The authors speculate that zoledronate, meanwhile, may protect the lungs from the infection by stimulating T cells and natural killer cells.

Musculoskeletal conditions such as osteoarthritis and fibromyalgia can cause chronic pain, and fractures resulting from osteoporosis can also be painful. Some pain medications commonly prescribed to people with these health issues appeared to increase the risk of COVID-19.

This was particularly true for pregabalin, which was associated with a 55% increased risk of COVID-19, with a range of estimates of 14% reduced pain to 280% increased pain.

People with these conditions also frequently experience mood disorders, such as depression. Most of the antidepressants in the analysis were associated with an increased risk, apart from duloxetine, which was associated with a 32% reduced risk, with a range of 66% decrease to 34% increase.

Dr. Alba Gurt, a study author and primary care physician at the Pere Virgili Hospital Center, in Barcelona, concludes:

“The data from the study would indicate that the [osteoporosis] treatments and duloxetine administered to our primary care patients are safe against infection by [the virus that causes] COVID-19 and could even reduce its incidence. However, studies with a higher number of patients are required to verify this.”

The analysis had some important limitations that are common to all observational studies.
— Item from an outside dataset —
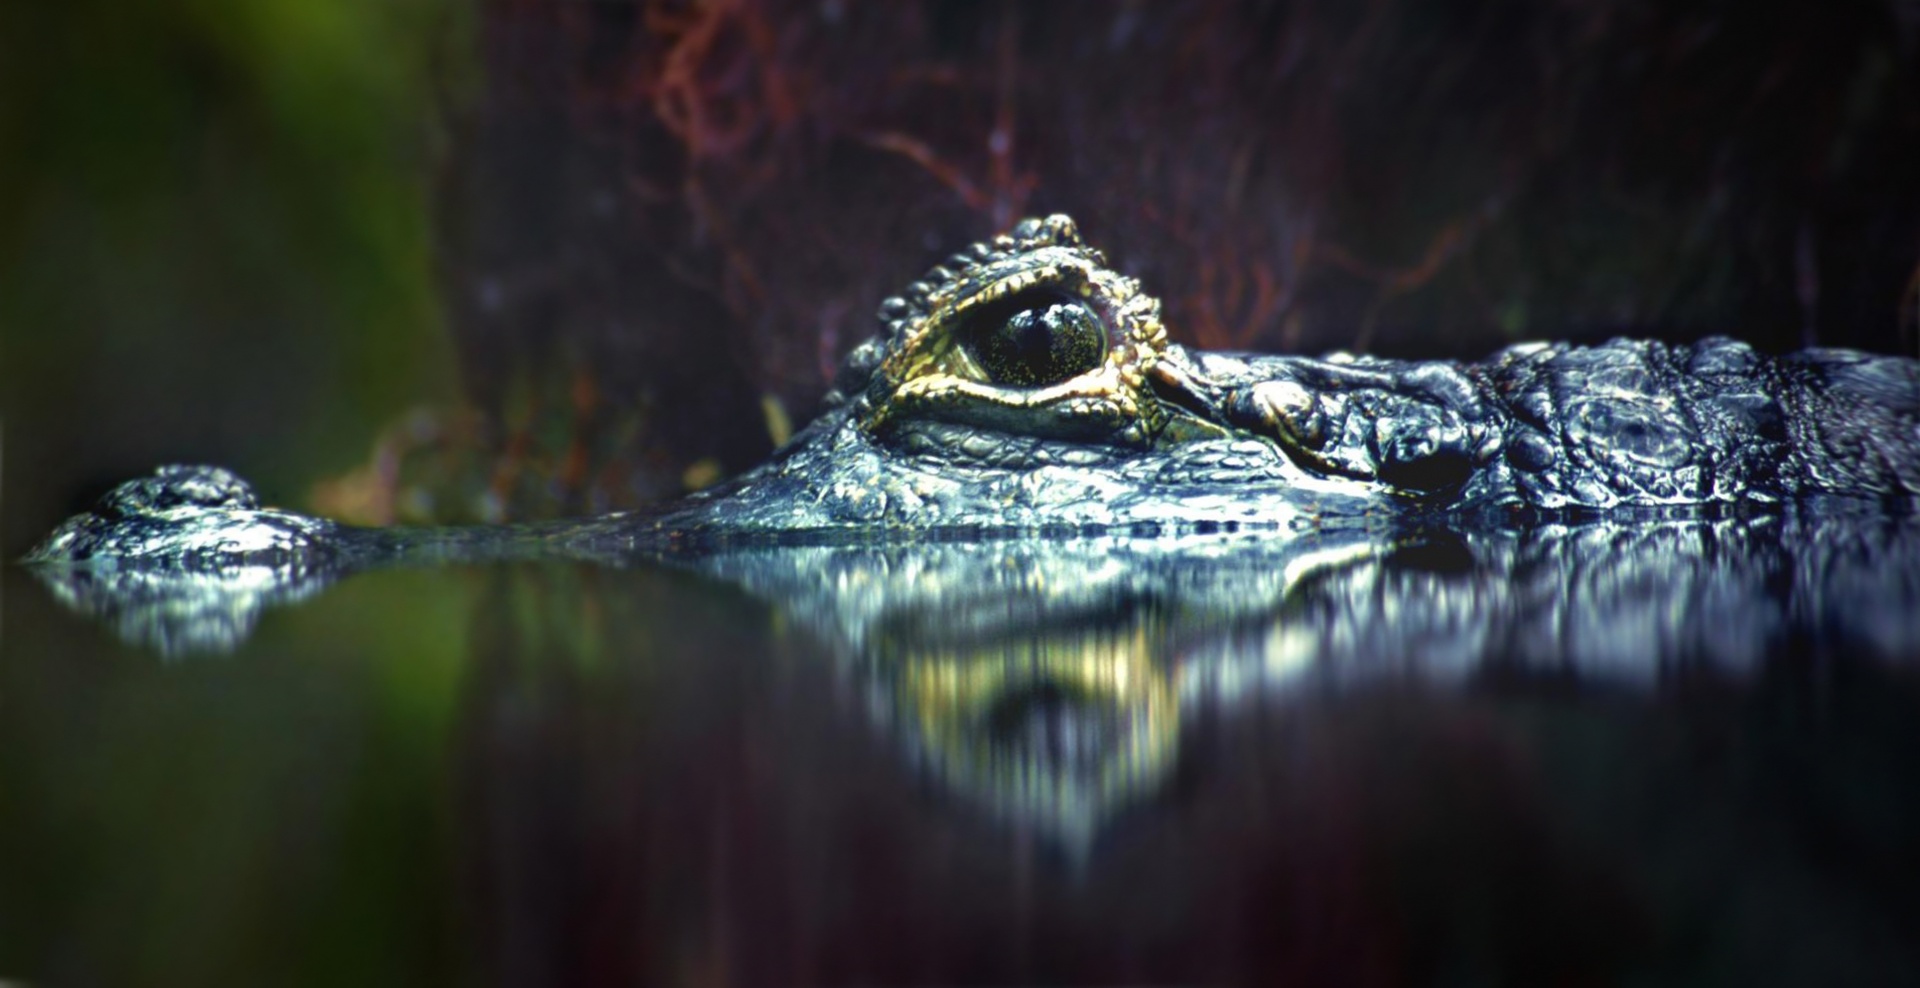 Alligator Crocodile Photo Water

The associations identified may result from hidden “confounders” — other influences on the risk of developing COVID-19 that the researchers did not take into account.

The statistical power of the study was limited due to the relatively small numbers of patients with osteoporosis taking each medication and the possibility of complex drug interactions.

Also, the estimates of relative risk have wide confidence intervals — a term that describes the level of certainty about the risk. As a result, it is possible that denosumab, zoledronate, and calcium could all increase the risk of COVID-19, though the estimates veered more toward the drugs having a protective effect.

Overall, the actual risks or benefits of these osteoporosis treatments with regard to COVID-19 may be very different from what the team has found.